Валери обернулась ко мне, глаза ее сузились:
— Сантамария?
— Да.
— Нет, я ничего не знаю.
— Здесь есть кто-нибудь еще? — спросил я.
— Нет.
— Откуда вы знаете?
Что-то изменилось в выражении лица Валери. Я не мог бы точно сказать, что именно — я недостаточно хорошо знал ее для этого, — но ее удивление стало каким-то натянутым, оно уже не казалось естественным.
Она посмотрела на отца:
— Филипп, можно поговорить с тобой с глазу на глаз в моем офисе?
— Разумеется, — кивнул отец.
— Нет, — я схватил его за запястье. — Не делай этого, не ходи с ней!
Теперь они оба уставились на меня. Валери очень пристально смотрела мне прямо в глаза.
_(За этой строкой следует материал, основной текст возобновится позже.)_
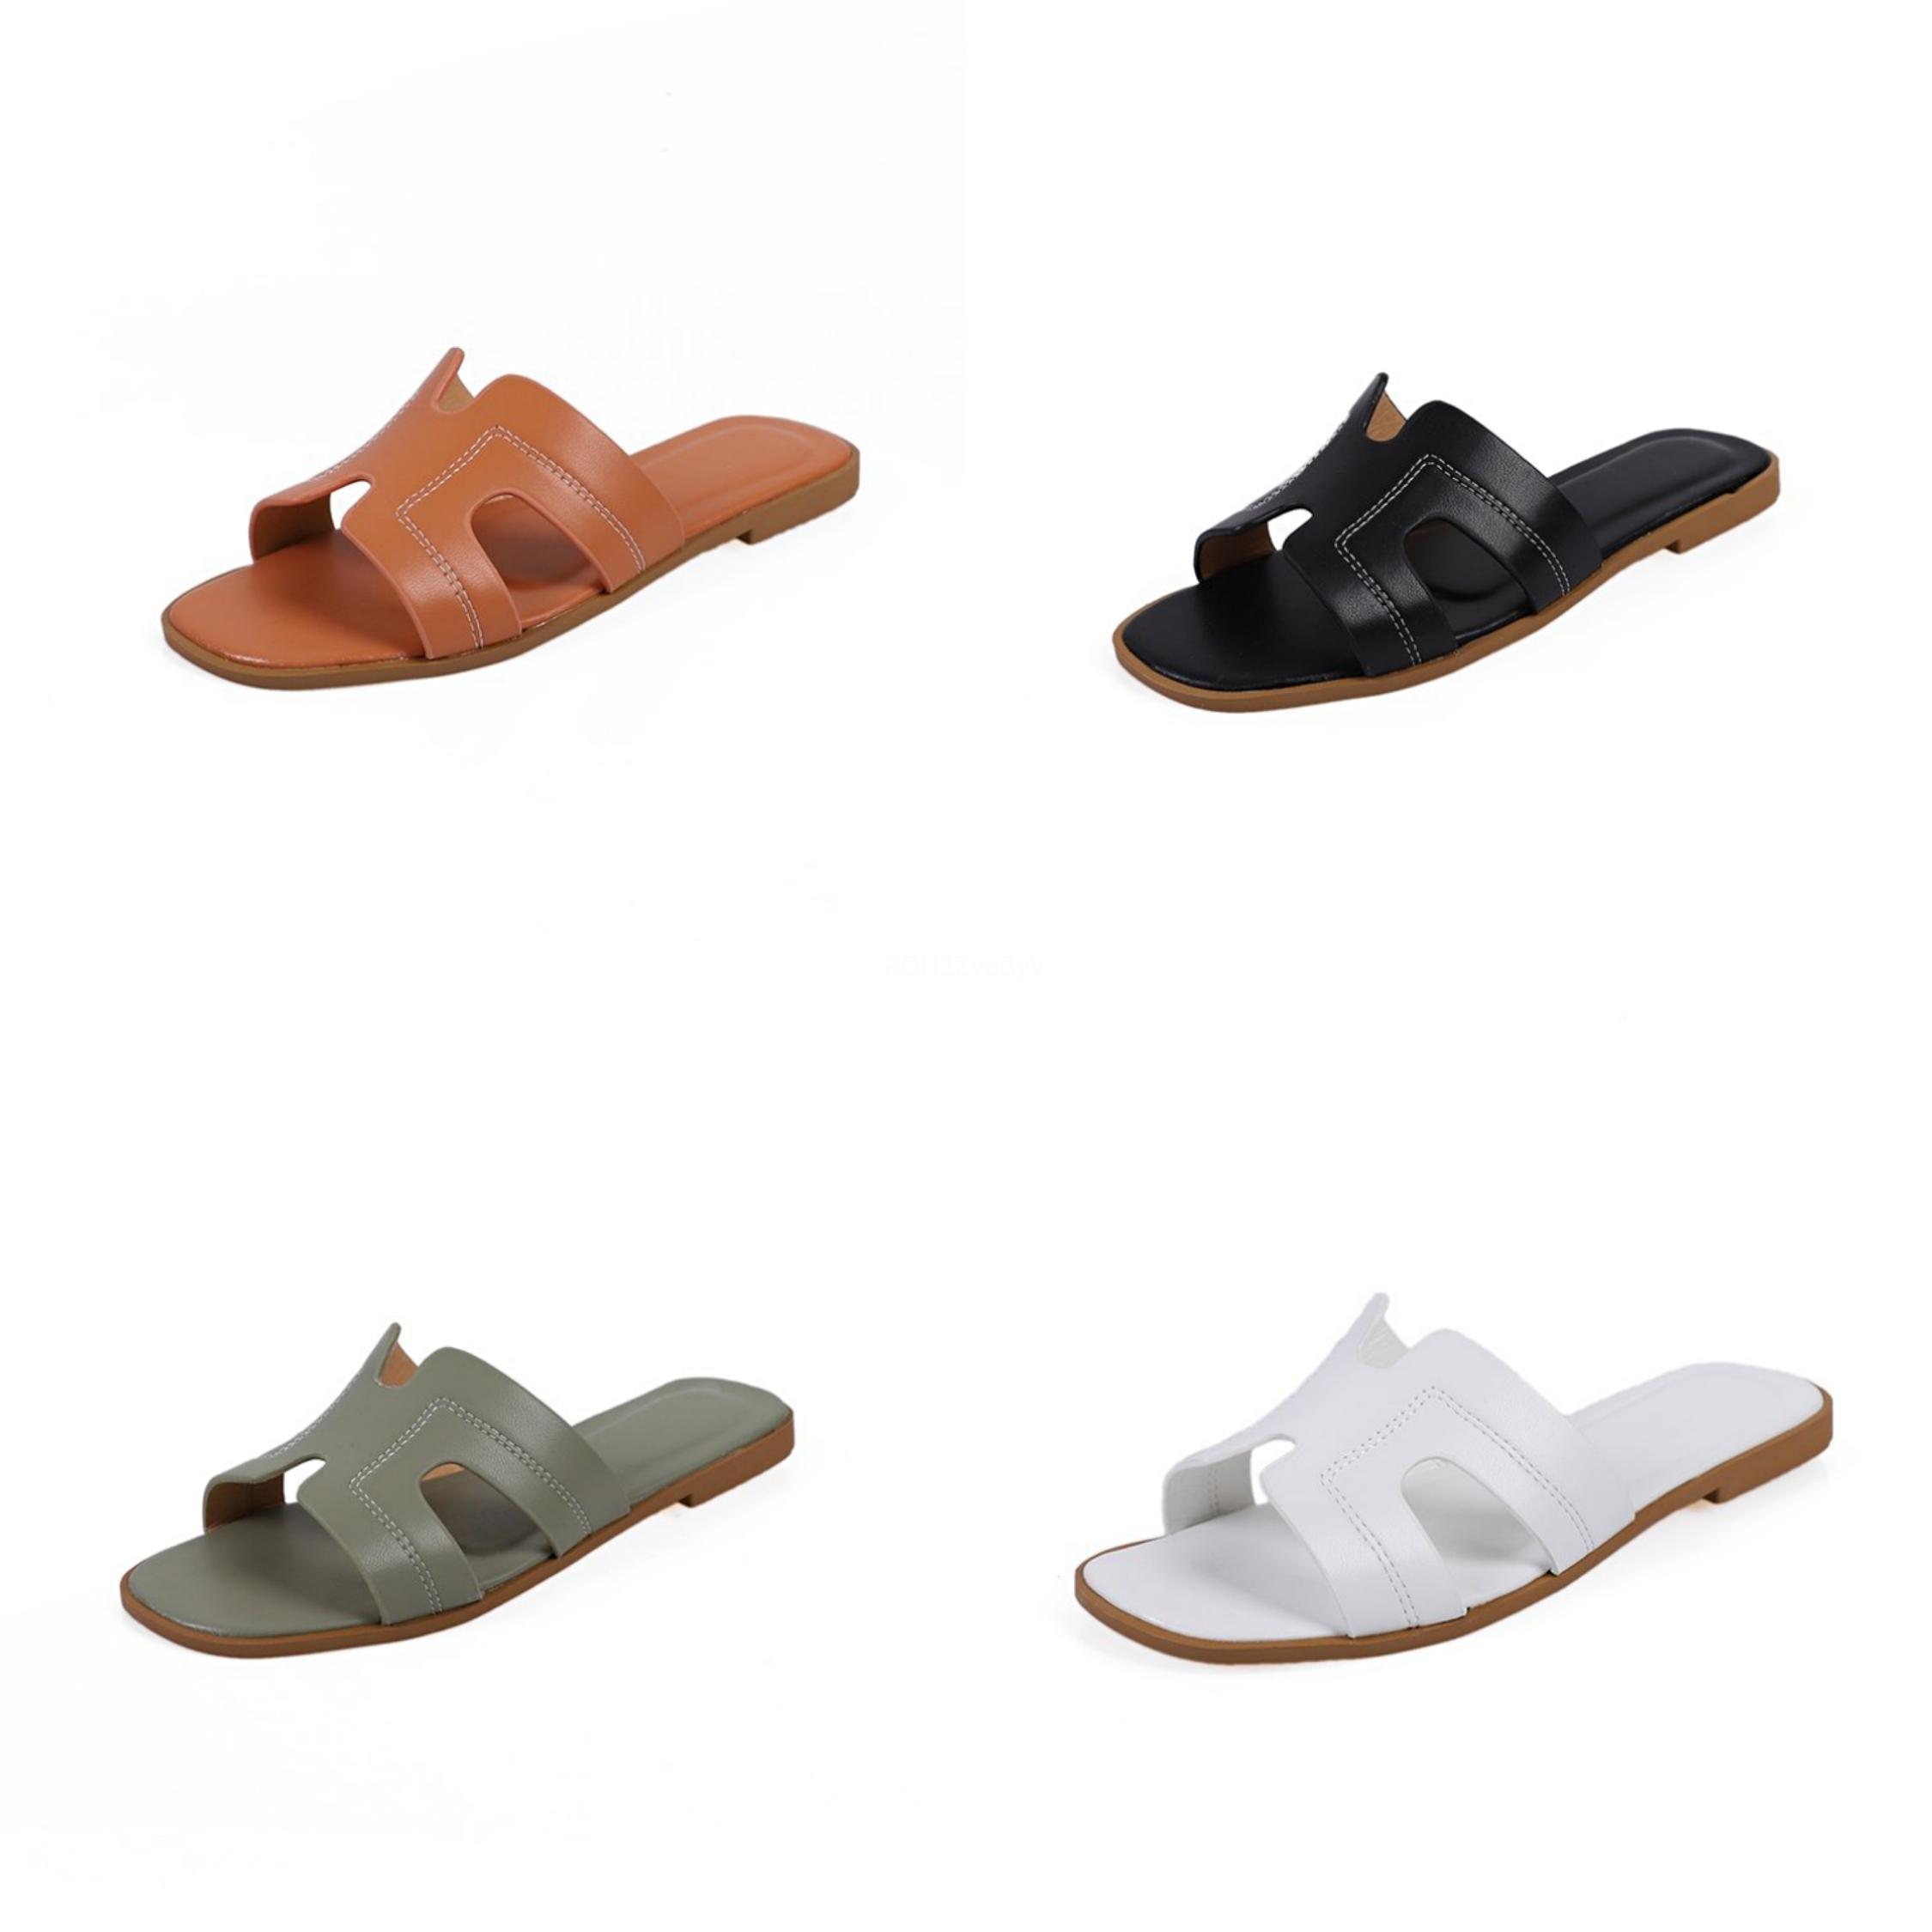 Men Sandal 2020 Slippers Flat Summer Shoes Woman Clear Heels Flip Flops Platform Ladies Women Fashion Flower Beach Comfort#971

— Бедняга, ты выглядишь совершенно разбитым… Перри, мне очень понравилось ваше сегодняшнее выступление, особенно та часть, в которой выступал ты. Ты был прав, ваша группа очень хороша. Однако на вашем месте я бы поискала другого осветителя.
Я уставился на нее.
— Так это вы, — сказал я.
— Извини.
— Это вы — Сантамария.
Валери отреагировала не сразу, но когда она это сделала, то сделала с натянутой, давно отрепетированной улыбкой.
— Что ж, меня называли многими именами на протяжении жизни, но так, кажется, никогда. Я, скорее, Нина или Пинта, как тебе такие имена?
— Именно поэтому вы и пришли в бар сегодня вечером, — сказал я. — Потому что Гоби была там.
— Извини, — сказала Валери, — но я, честное слово, не…
— За что вы приговорили ее сестру?
— Уверяю тебя, единственное, что я сегодня приговорила, это бутылочку «Маалокса», да и то потому, что выпила слишком много кофе.
— Вы отмывали эти деньги, вы делали это отсюда. Вы — банк.
— Прошу прощения?
— Перри, — сказал отец, — достаточно.
Улыбка Валери не изменилась.
— Похоже, кое-кому тут больше не требуется рекомендательное письмо в Колумбийский университет?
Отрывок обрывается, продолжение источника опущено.